Yesterday I sat down
to write this blog. I wrote the first paragraph when the keyboard died on me.
So that was that. The Fox seems to have done something overnight that has
restored its function, although I’m half expecting it to give up mid-word once
again.
I was writing about
how the left hand side of the garden has suddenly opened into signs of life, if
not colour. The lilac tree is covered in creamy white cones. They smell simply
divine. The large pergola is covered with white clematis. All visible from the
kitchen windows.
When you venture
further in the garden you can see the rose bushes are starting to open up their
white buds.
The right hand side
still steals the show, with its huge peach rhododendrons and the coral azalea
further up.
We did get to a
garden centre. Now there is a camellia in the blank area between the pergola
and the lilac tree. I’m surprised to say we bought a pink one, rather than the
red one we’d been intending. It’s just such a pretty delicate shade of pink. We
also put in that area a rusty coloured broom. So hopefully next spring/early
summer we will have more colour we can see from the kitchen windows.
This week has also
brought us another garden delight – some unexpected visitors.

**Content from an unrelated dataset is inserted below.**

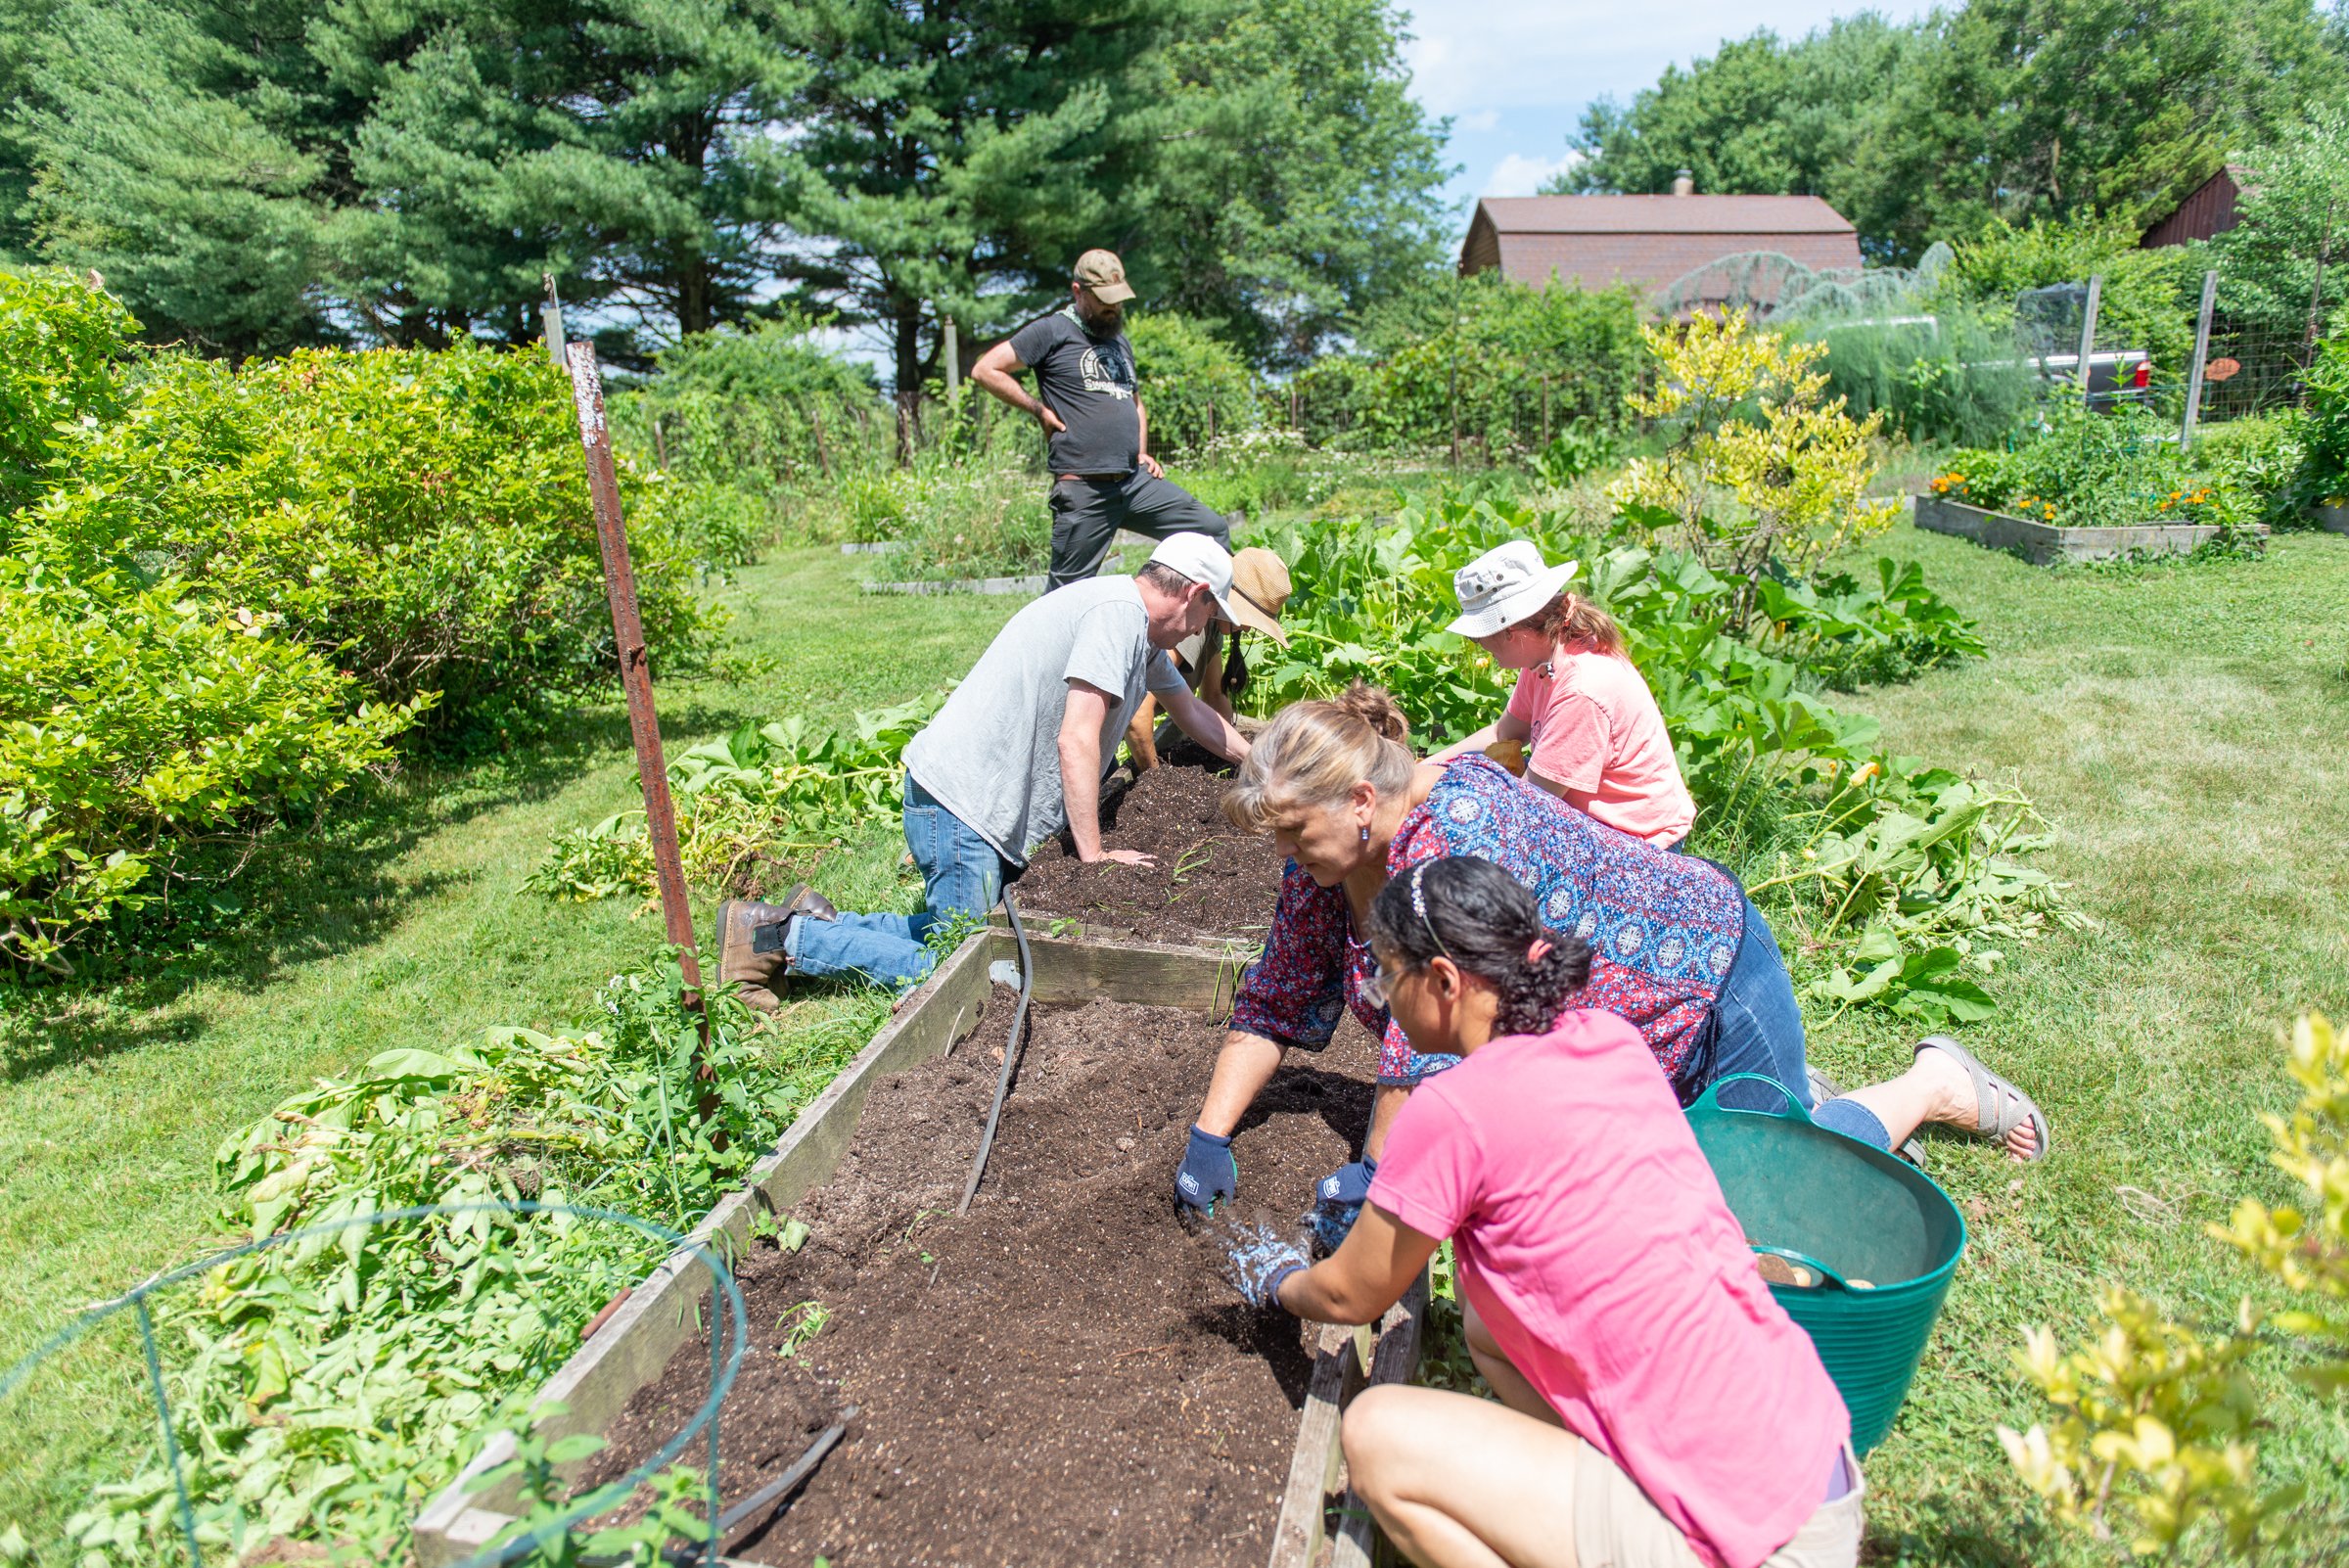 Members of Sotlane Horticulture working together in Soltane's Herb Garden

A couple of days
the garden has been filled with squawking & much activity as a flock of
starlings have been scurrying around, criss-crossing the lawns. And one day we
were lucky to be visited by not one, but half a dozen, goldfinches. On both
occasions the Fox was witness too - usually our visitors seems to avoid him, but
not this time. It was the first time he’d seen a goldfinch. Now he agrees with
me there is something wonderful about their red clown faces & flashes of
gold on their wings. It seems very apt that the collective term for these small
birds is a charm of goldfinches. We certainly feel charmed.